A paper by Daria Hazuda, a leader of M erck's drug discovery group, and her colleagues at Merck and the Instituto Ricerche di Biologia Moleculaire in Rome published in the August 3, 2004 Proceedings of the National Academy of Sciences reports on how the molecular dynamics simulations of the McCammon group dovetailed with Merck research, helping the company's scientists make sense of puzzling data of their own: seemingly similar inhibitors were binding to different parts of the enzyme's active site region. "With the help of our simulations, the Merck scientists were able to understand this and then go on to prove experimentally the effectiveness of compounds in binding to different parts of the HIV integrase enzyme," said McCammon.
Because of the great promise these compounds are showing for treating HIV/AIDS, the Merck scientists are proceeding with development of a series of drug candidates that rely on the remarkable flexibility revealed by the McCammon group's simulations in the integrase binding site. The first of these compounds is expected to go into clinical trials this year, with UCSD as one of the trial sites.
The Merck scientists have chosen a drug development strategy in which they are developing "single wing" compounds, whose wings, or cyclic moieties, can bind to either the west or the east in the integrase enzyme. "These compounds are especially interesting because they'll be less likely to lead to drug-resistant strains of HIV-1," said McCammon. This is because the inhibitor can flip to the east if an integrase mutation arises in the west, or to the west if a mutation arises in the east. And because emerging HIV-1 mutations have significantly reduced the usefulness of many previously effective drugs, maintaining the ability to bind even when mutations occur is an important advantage.

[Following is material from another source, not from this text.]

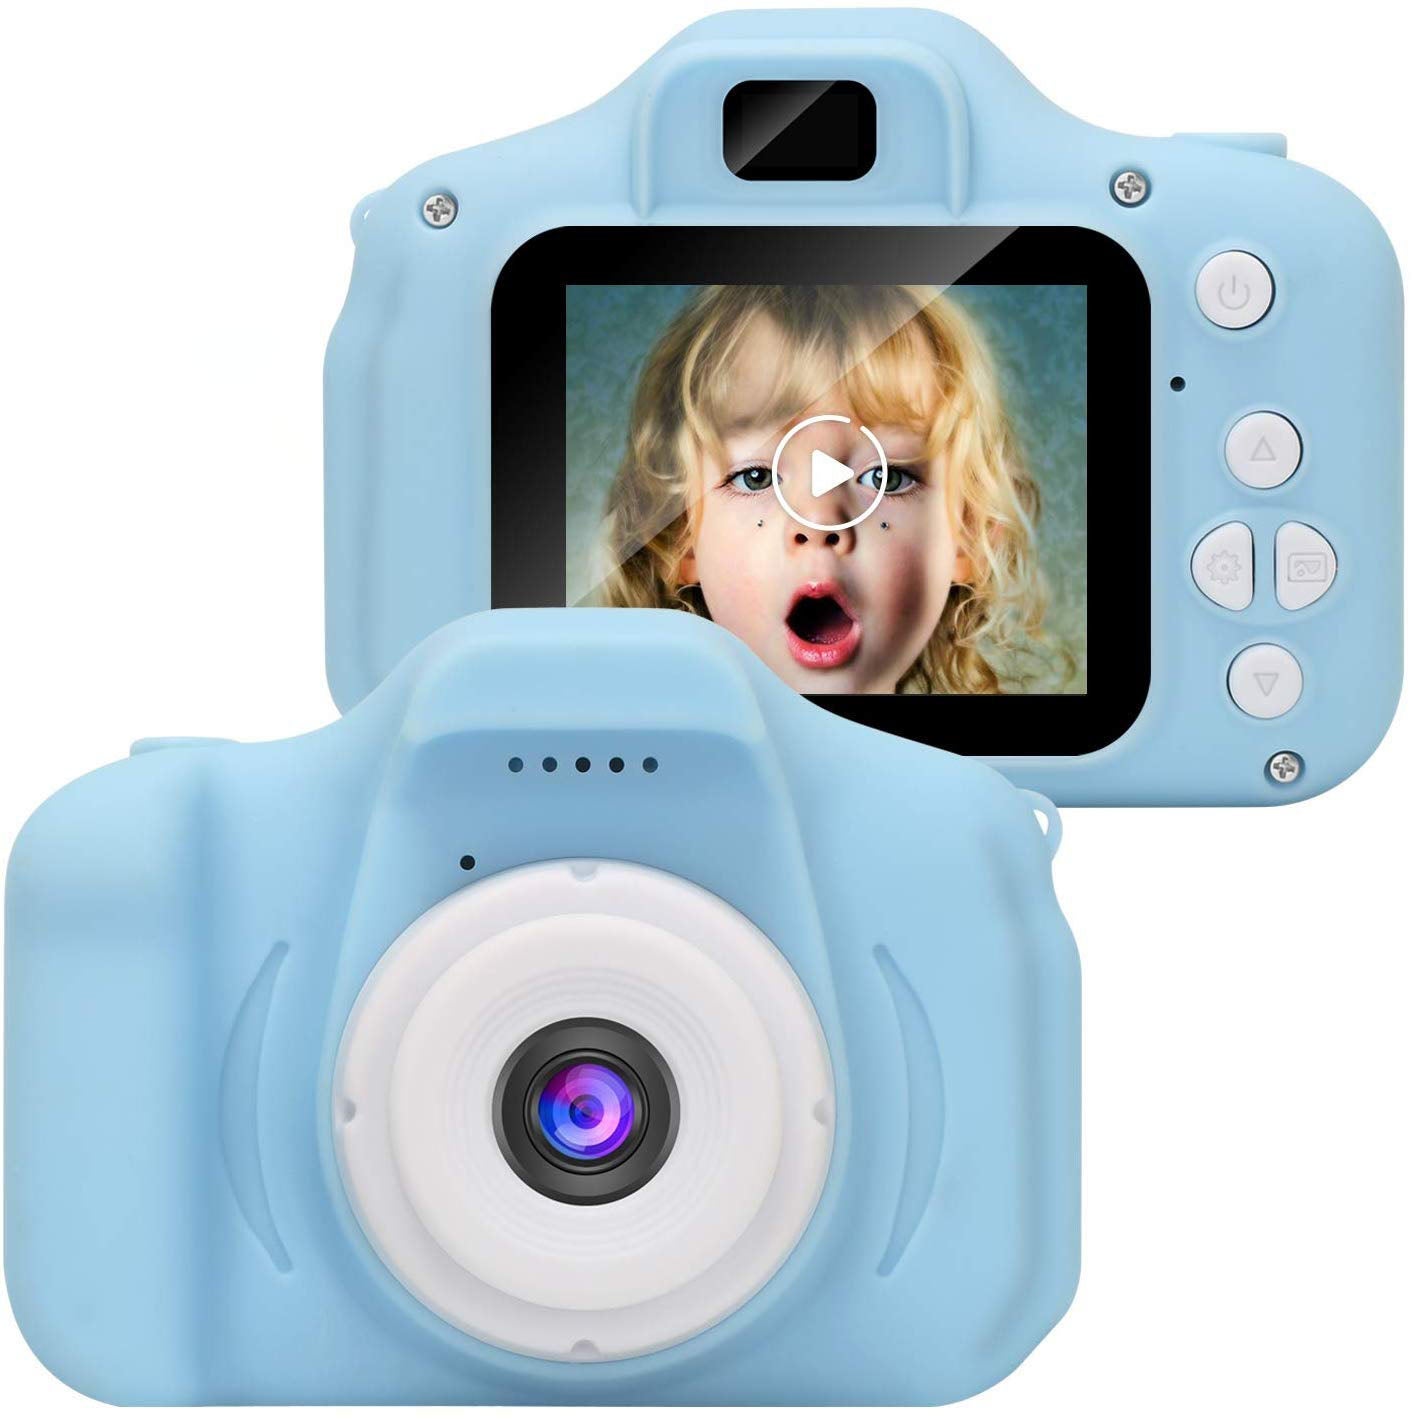 Kids Digital Video Camera 5MP 1080P HD Recorder Camcorder with 1.77 Inch Screen Funkprofi Kids Camera Creative Birthday Gifts for Kids 32GB TF Card Included

"These results, combining our computer simulations at SDSC and Merck experimental research, are giving real hope that the remarkable story of molecular dynamics simulations in helping d iscover HIV-1 protease inhibitors may be repeated with HIV-1 integrase inhibitors," said McCammon. "This could potentially save many lives in the fight against HIV/AIDS."
The molecular dynamics simulations, carried out at SDSC and other sites, and the development of advanced molecular dynamics computational methods in McCammon's group, were supported by the National Science Foundation. This research has also been supported by the National Institutes of Health, the Howard Hughes Medical Institute, the NSF Center for Theoretical Biological Physics, the National Biomedical Computation Resource, the W.M. Keck Foundation, and Accelrys, Inc.